Q2 MATHEMATICAL & COMPUTATIONAL BIOLOGY Pub Date : 2023-10-12 eCollection Date: 2023-01-01 DOI: 10.3389/fbinf.2023.1227193
Kejue Jia, Mesih Kilinc, Robert L Jernigan

Understanding protein sequences and how they relate to the functions of proteins is extremely important. One of the most basic operations in bioinformatics is sequence alignment and usually the first things learned from these are which positions are the most conserved and often these are critical parts of the structure, such as enzyme active site residues. In addition, the contact pairs in a protein usually correspond closely to the correlations between residue positions in the multiple sequence alignment, and these usually change in a systematic and coordinated way, if one position changes then the other member of the pair also changes to compensate. In the present work, these correlated pairs are taken as anchor points for a new type of sequence alignment. The main advantage of the method here is its combining the remote homolog detection from our method PROST with pairwise sequence substitutions in the rigorous method from Kleinjung et al. We show a few examples of some resulting sequence alignments, and how they can lead to improvements in alignments for function, even for a disordered protein.

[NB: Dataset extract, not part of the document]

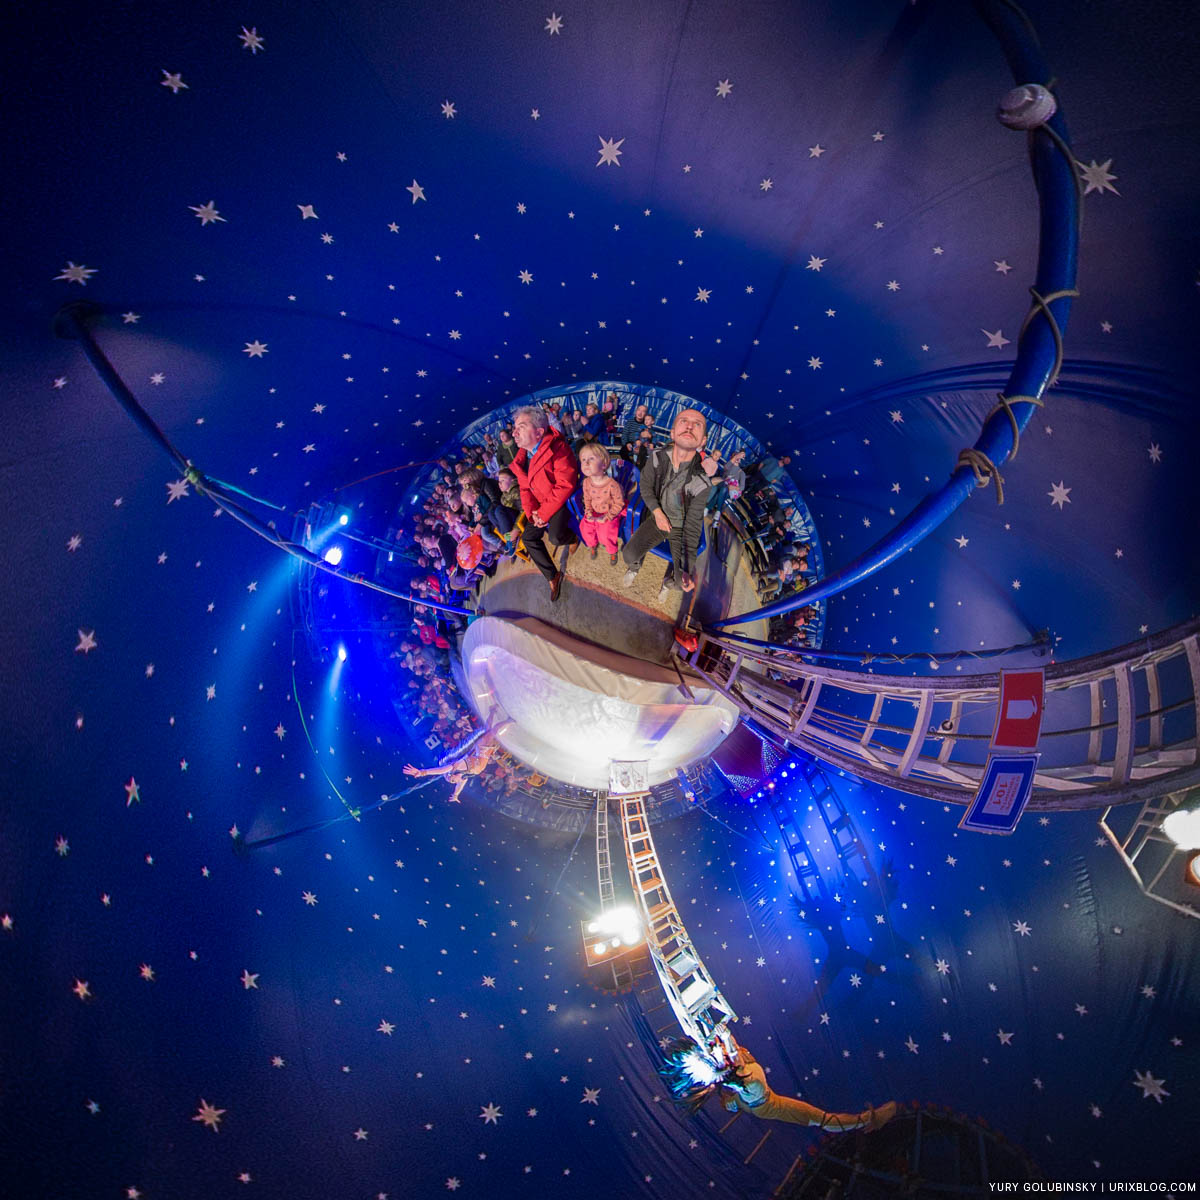 Цирк, шапито, маленькая планета, Пушкино, Московская область, Россия, панорама, Insta360 One X

了解蛋白质序列及其与蛋白质功能的关系是极其重要的。生物信息学中最基本的操作之一是序列比对,通常从这些操作中学到的第一件事是哪些位置最保守,而且这些位置通常是结构的关键部分,例如酶活性位点残基。此外,蛋白质中的接触对通常与多序列比对中残基位置之间的相关性密切对应,并且这些相关性通常以系统和协调的方式发生变化,如果一个位置发生变化,则该对的另一个成员也发生变化以进行补偿。在本工作中,将这些相关对作为一种新型序列比对的锚点。该方法的主要优点是将我们的方法PROST的远程同源物检测与Kleinung等人的严格方法中的成对序列替换相结合。我们展示了一些由此产生的序列比对的例子,以及它们如何改善功能比对,甚至是紊乱的蛋白质。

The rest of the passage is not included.